An angular momentum closed system of rotating, or orbiting mass is equivalent to 4 times(per cycle) the kinetic energy of that same mass moving in a vector.

Another way to put this is: The energy and/or momentum required to stop a moving object moving is exactly equivalent to a 90 degree non-accelerated-vector change of trajectory.

Illustration of the above principle.

As you can visualize, the red arrows set at 90 degree direction represent the original course of a moving body before and after the turn. Based on the laws of conservation of momentum and energy, during the 'turn', equal opposite forces exert within the system.

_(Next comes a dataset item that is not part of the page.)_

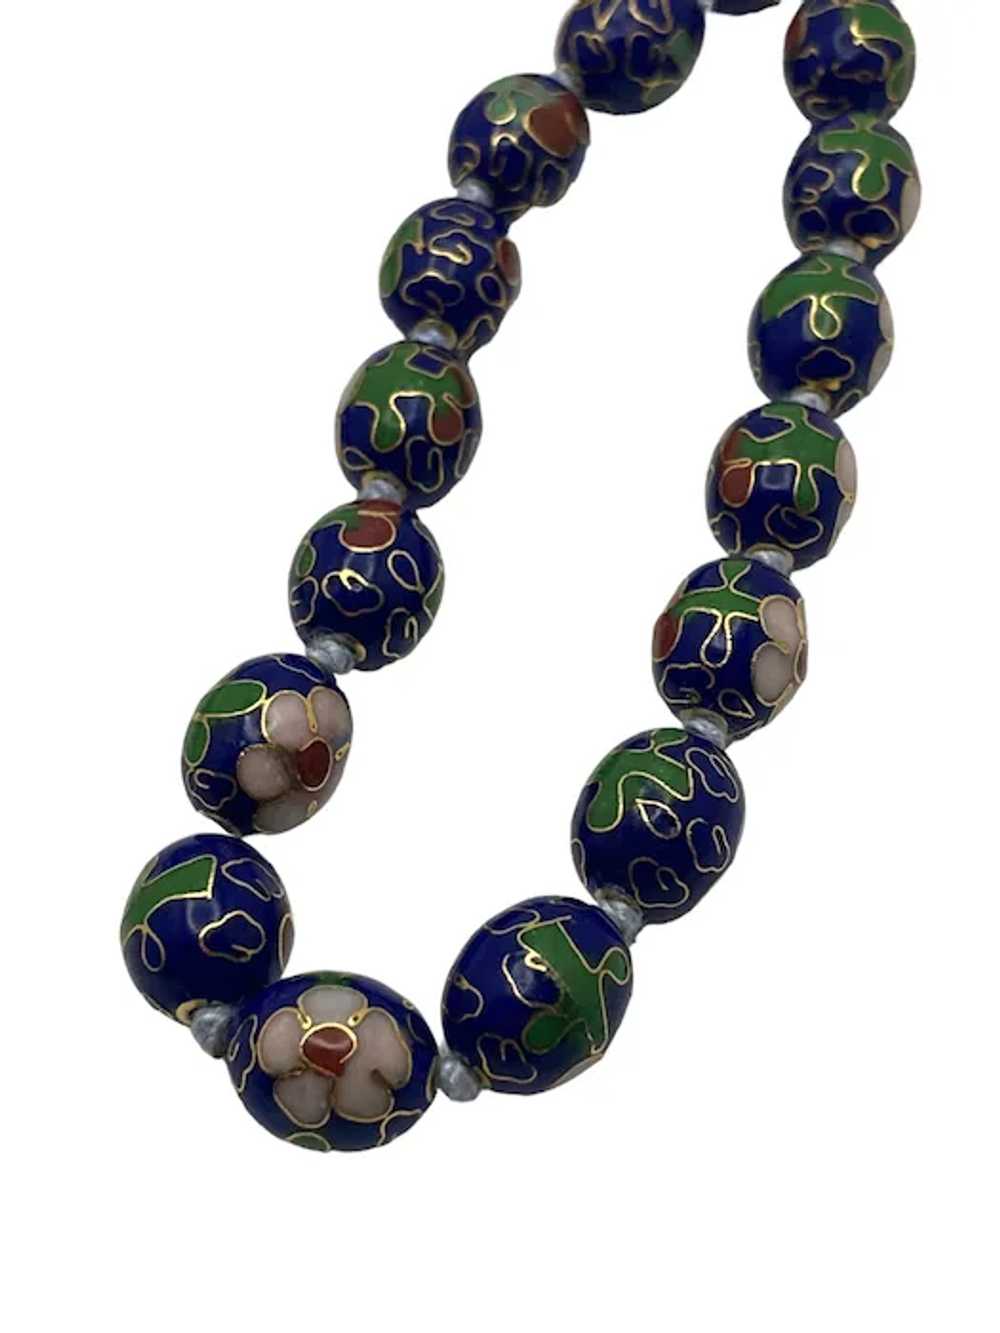 Vintage Chinese Cloisonne Oval Bead Necklace - image 6

Distance at 90 degrees(circumference = distance):

$d = \frac {1}{2}\pi {r}$

$d$ is distance
$r$ is radius

Show of work:

Circumference of circle is:

$C = 2 \pi {r}$

Where a quadrant is equal to 1/4 the circumference

$C = \frac {2 \pi r}{4} = \frac {1}{2}\pi {r}$

This principle assumes you forces can not be created or destroyed, but must be part of an existing geometric dimension or some reason to this effect (Ie, its not acceptable to just leave it at "the force is there).

I begin with describing the equation to calculate the work value along a curved path for one quadrant, ie: 90 degrees.
f is force
d is distance
E = energy
W = work

$E = W = f \cdot d$

where distance is:

$d = \frac {1}{2}\pi \cdot r$

The equation becomes:

$E = W = f \cdot \frac {1}{2}\pi \cdot {r}$

However, as shown in the illustration the total force exertion within the system is equal and opposite for a total of two times force, 2f.

$E = W = 2f \cdot \frac {1}{2}\pi \cdot {r}$

We can then reduce the fraction which leaves us with:

$E = W = f \cdot \pi {r}$

expanding on force we can can write:

$E = W = m\cdot a \cdot \pi \cdot {r}$

Keeping in mind this expresses only a 90 degree quadrant, or 1/4 of a rotation of an angular momentum system.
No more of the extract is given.